Rather than IPoIB specifying SL, MTU, and rate with PR queries, it
should specify TClass and FlowLabel. This is necessary for IPoIB to
span IB subnets.
5. CMA features ----------------
The CMA interface supports Service-ID through the notion of port
space as a prefixes to the port_num which is part of the sockaddr
provided to rdma_resolve_add(). What is missing is the explicit
request for a QoS-Class that should allow the ULP (like SDP) to
propagate a specific request for a class of service. A mechanism for
providing the QoS-Class is available in the IPv6 address, so we could
use that address field. Another option is to implement a special
connection options API for CMA.
Missing functionality by CMA is the usage of the provided QoS-Class
and Service-ID in the sent PR/MPR. When a response is obtained it is
an existing requirement for the CMA to use the PR/MPR from the
response in setting up the QP address vector.
I think the RDMA CM needs two solutions, depending on which address
family is used. For IPv6, the existing interface is sufficient, and
works for both IB and iWarp. The RDMA CM only needs to include the TC
and FL as part of its PR query. For IPv4, to remain transport
neutral, I think we should add an rdma_set_option() routine to specify
the QoS field. The RDMA CM would include the QoS field for PR query
under this condition.
For IB, this requires changes to the ib_sa to support the new PR
extensions. I don't think we gain anything having the RDMA CM include
service IDs as part of the query.
6. SDP -------
SDP uses CMA for building its connections. The Service-ID for SDP is
0x000000000001PPPP, where PPPP are 4 hex digits holding the remote
TCP/IP Port Number to connect to. SDP might be provided with
SO_PRIORITY socket option. In that case the value provided should be
sent to the CMA as the TClass option of that connection.
SDP would use specify the QoS through the IPv6 address or
rdma_set_option() routine.
7. SRP -------
Current SRP implementation uses its own CM callbacks (not CMA). So
SRP should fill in the Service-ID in the PR/MPR by itself and use
that information in setting up the QP. The T10 SRP standard defines
the SRP Service-ID to be defined by the SRP target I/O Controller
(but they should also comply with IBTA Service- ID rules).
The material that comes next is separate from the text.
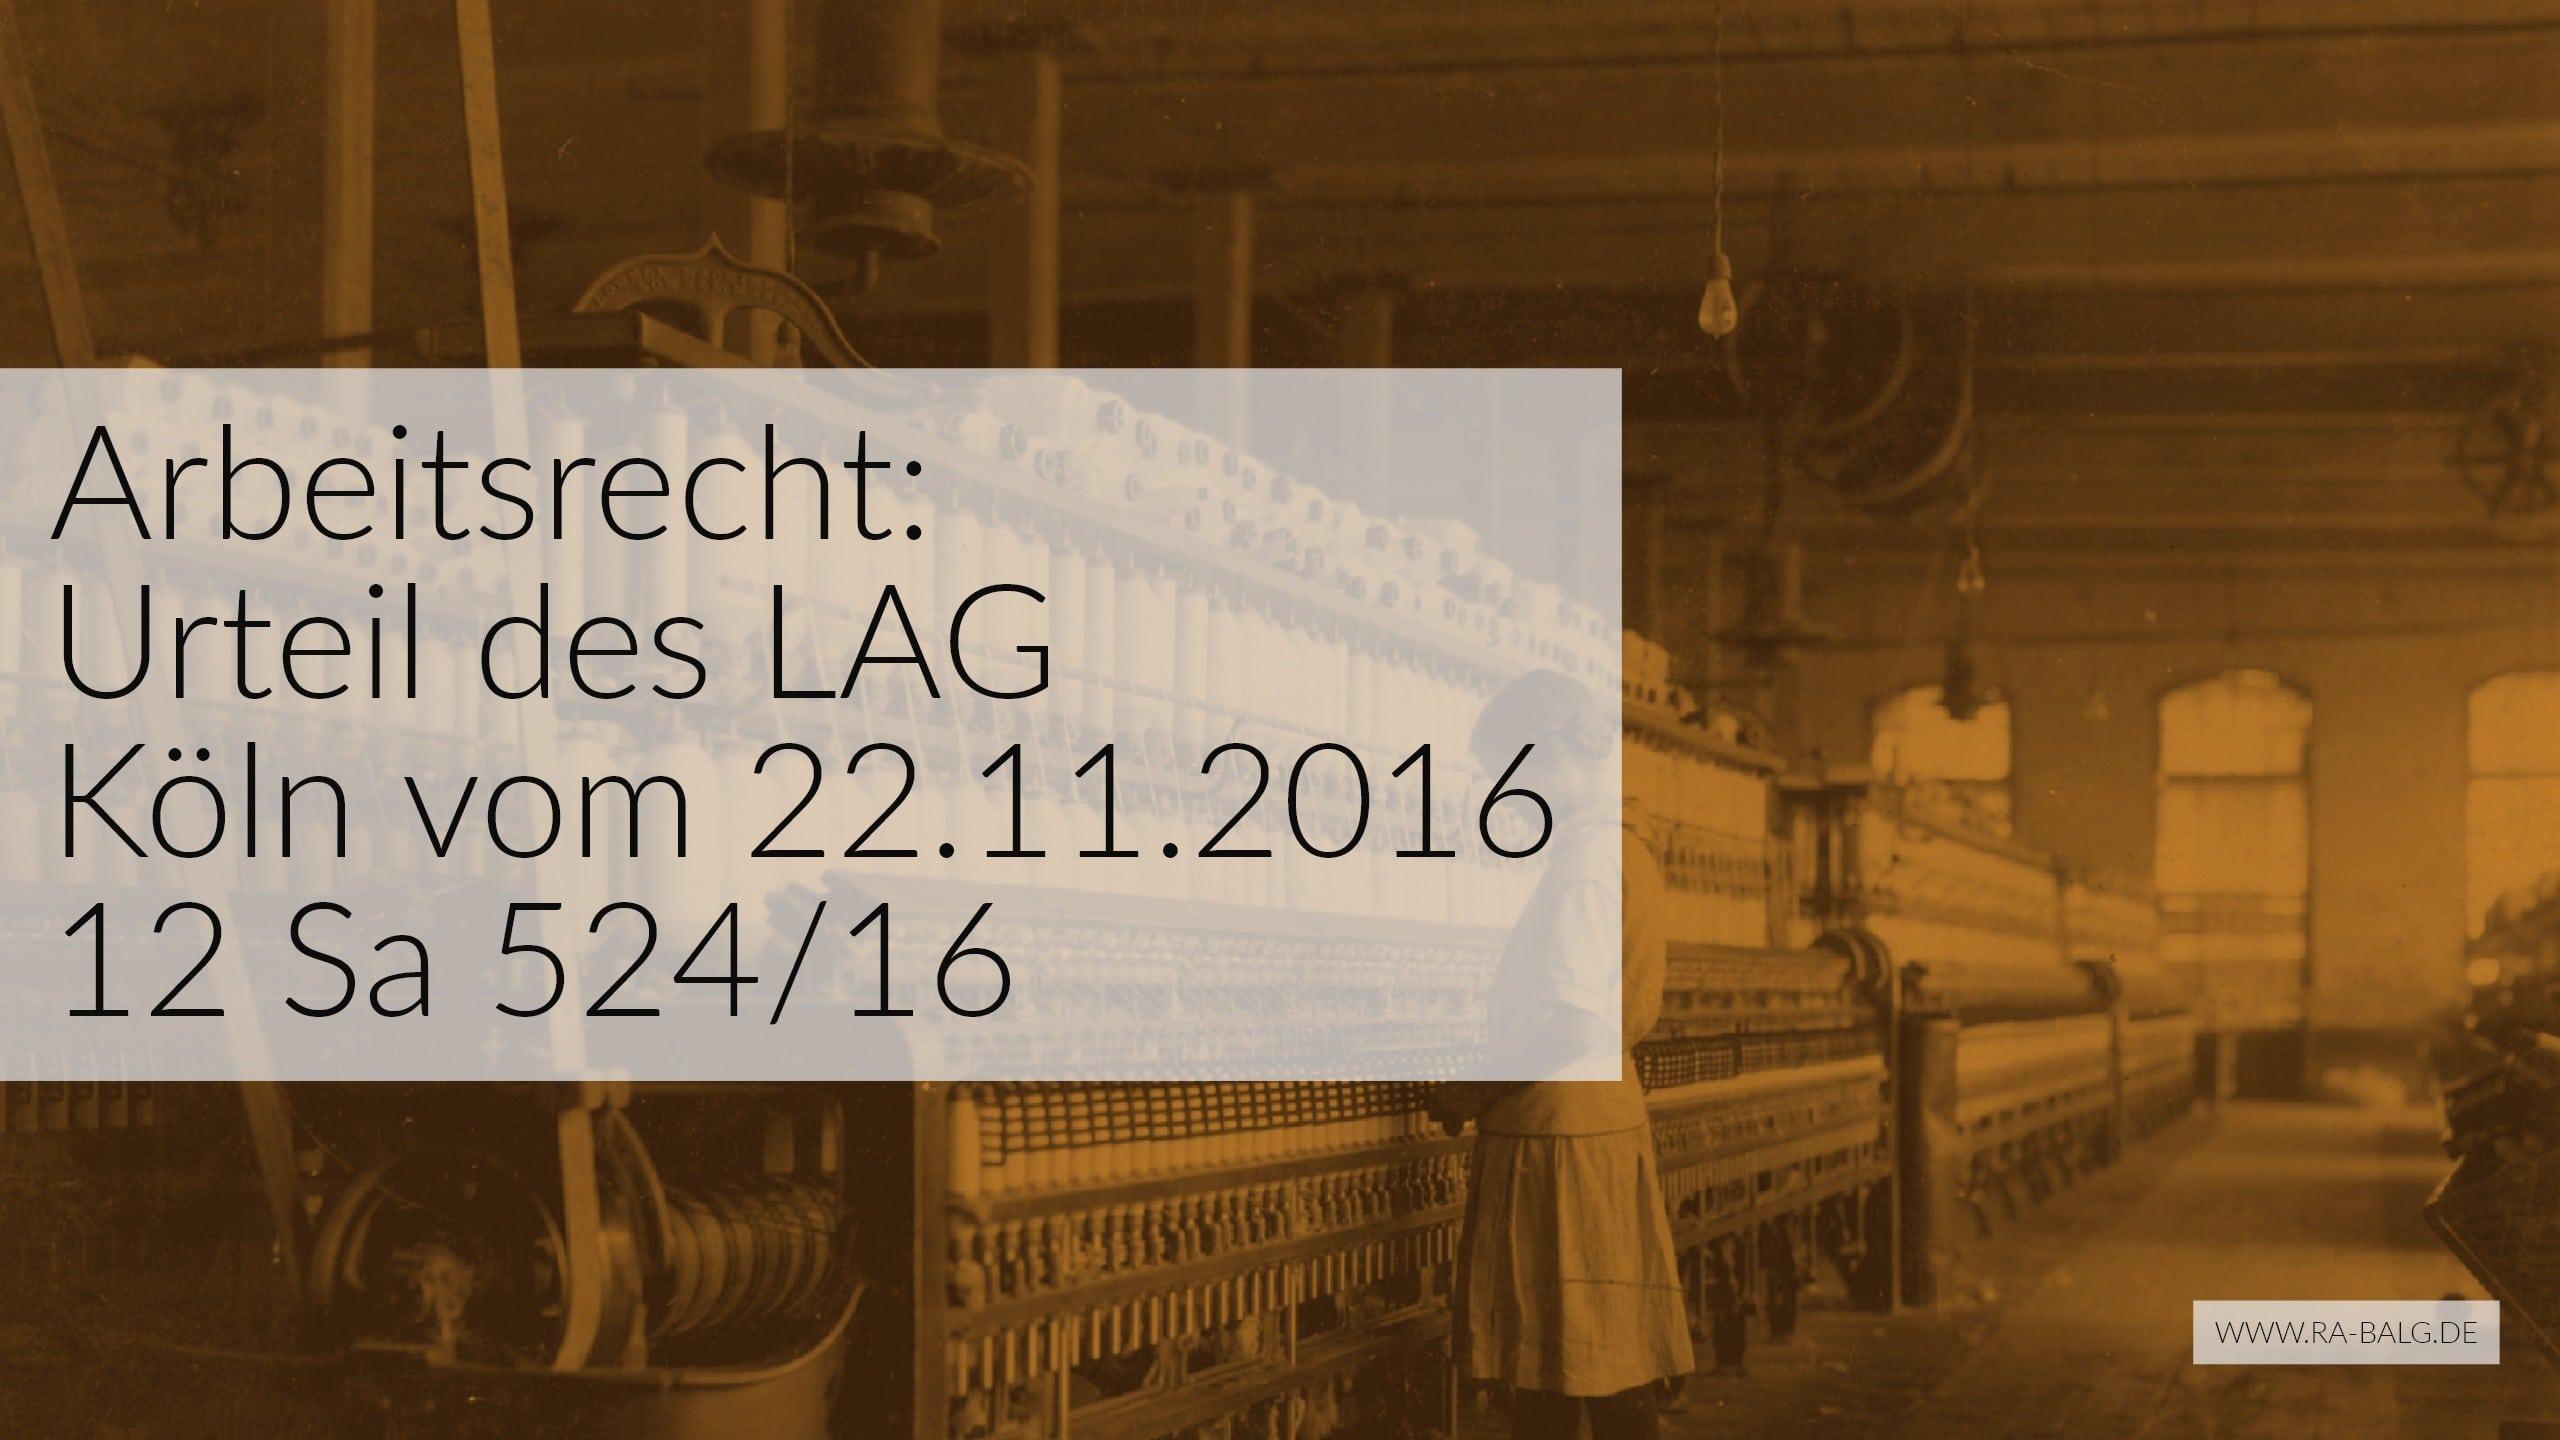 Arbeitsrecht - Unpünktliche Gehaltszahlung Schadensersatz - LAG Köln vom 22-11-2016 Az. 12 Sa 524-16 - Rechtsanwalt Köln Nippes

Anyway,
the Service-ID is reported by the I/O Controller in the
ServiceEntries DMA attribute and should be used in the PR/MPR if the
SA reports its ability to handle QoS PR/MPRs.
I agree.
8. iSER -------- iSER uses CMA and thus should be very close to SDP.
The Service-ID for iSER should be TBD.
See RDMA CM and SDP.
3.2. PR/MPR query handling: OpenSM should be able to enforce the
provided policy on client request. The overall flow for such requests
is: first the request is matched against the defined match rules such
that the target QoS-Level definition is found. Given the QoS-Level a
path(s) search is performed with the given restrictions imposed by
that level. The following two sections describe these steps.
If we use the QoS hierarchy outlined above, I think we can construct
some fairly simple tables to guide our PR selection. The SA may need
to construct the tables starting at the bottom and working up, but I
*think* it could be done. And by distributing the tables, we can
support a more distributed (a la local SA) operation.
From an administration point, I would be happier seeing something
where the administrator defines a QoS level in terms of latency or
bandwidth requirements and relative priority. Then, if desired, the
administrator could provide more details, such as indicating which
nodes would use which services, minimum required MTUs, etc. It would
then be up to the SA to map these requirements to specific TC, FL, SL,
VL values.
In general, though, I'm personally far less concerned with the QoS
specification interface to the SA, versus the operation that takes
place on the hosts.
Comments on using this approach on the host side?